Yesterday we conducted research among users of the Sentinel add-on for Attic M365. We investigated the impact of a large-scale bruteforce attack targeting Microsoft 365.

Yesterday we conducted research among users of the Sentinel add-on for Attic M365. We investigated the impact of a large-scale bruteforce attack targeting Microsoft 365, using FastHTTP.

It turns out that since January 7, more than half of the investigated organizations have been targeted by this attack. In none of the cases did the attackers manage to compromise an account, but the attack did lead to locked accounts and therefore potential disruption for the affected employees.

We will inform affected customers through an individual ticket in their name.

Background

We were triggered by an article on Bleeping Computer following research by Speartip: https://www.speartip.com/fasthttp-used-in-new-bruteforce-campaign/

What is FastHTTP?

This is open-source software with no malicious purpose on its own. It is designed to speed up HTTP traffic, but it turns out to be useful for attackers who want to send a high volume of requests to an API like Entra ID very quickly.

What is a bruteforce attack?

In a bruteforce attack, an attacker uses raw force to crack a password: by simply trying a long list of character and number combinations, the correct combination will eventually come up.

How does this work with Microsoft 365?

The Entra ID API is globally accessible and requires authentication. By directing a bruteforce attack at that API, an attacker can confirm that a guessed password is correct by successfully authenticating, and then take over the account.

Impact for you

Given that the attack reached more than half of all organizations, there is a good chance that you were targeted as well. And it cannot be ruled out that similar attacks will be carried out more frequently.

Account lockouts (21%)

When someone enters a wrong password multiple times, their account gets locked. The consequence of a bruteforce attack can already be quite disruptive for individual employees in that sense. Speartip reports that this was the result in 21% of bruteforce attempts.

Account takeover (10%)

And if the bruteforce does succeed — meaning the attacker actually obtains the correct password — it is possible that the account in question gets taken over. Speartip has observed this in roughly 10% of cases, though we cannot corroborate that figure from our own research.

MFA fatigue (10%)

When MFA is enabled, a successful authentication could trigger an MFA prompt to the user. The user may get tired or irritated by the speed and volume of attempts, potentially reaching the point of accepting the login request — at least that is what the attacker hopes. Microsoft has implemented various measures to prevent this, but at the very least it will be annoying for employees.

What to do?

If you want Attic's help against these kinds of attacks, you need the Sentinel add-on for our Microsoft 365 service. You can obtain it through the Azure Marketplace.

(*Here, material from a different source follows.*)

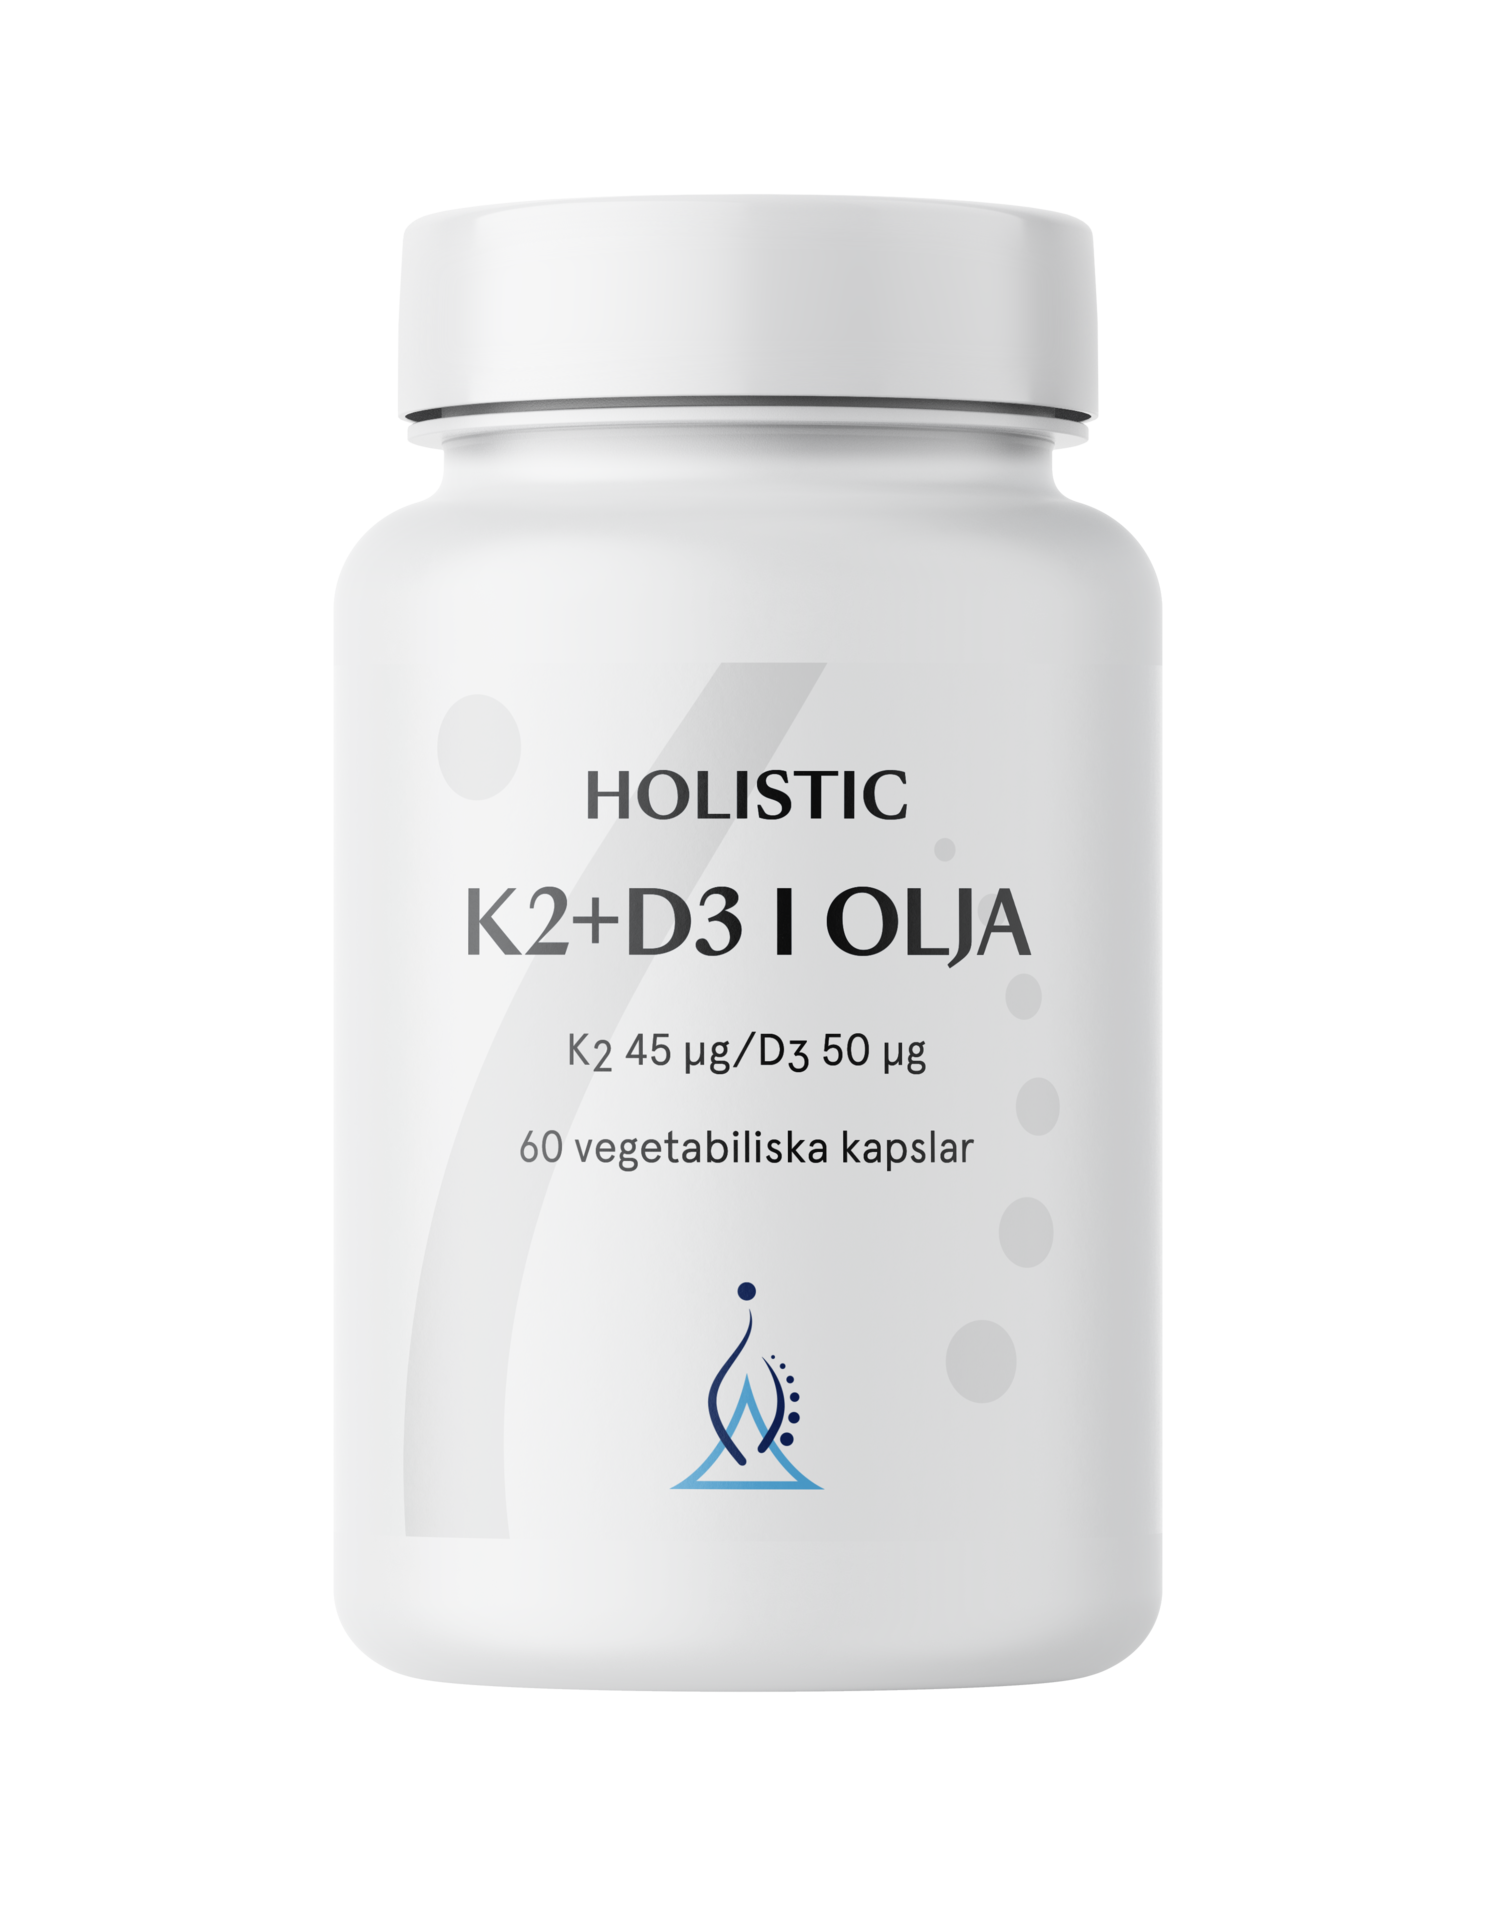 Holistic K2+D3-vitamin i olivolja 60 vegetabiliska kapslar

Within that service, you need to add Sign-in Logs as a data source. This incurs some additional storage costs at Microsoft, but those are minor and well worth it for investigating malicious login attempts after the fact.

If you want to investigate on your own, follow these steps:

1. Log in to entra.microsoft.com
2. Go to Users > Sign-in Logs
3. Apply the following filter. Client app: "Other Clients"

This may produce false positives, but the User Agent field under Basic Information can be used for confirmation: the user agent will contain "fasthttp".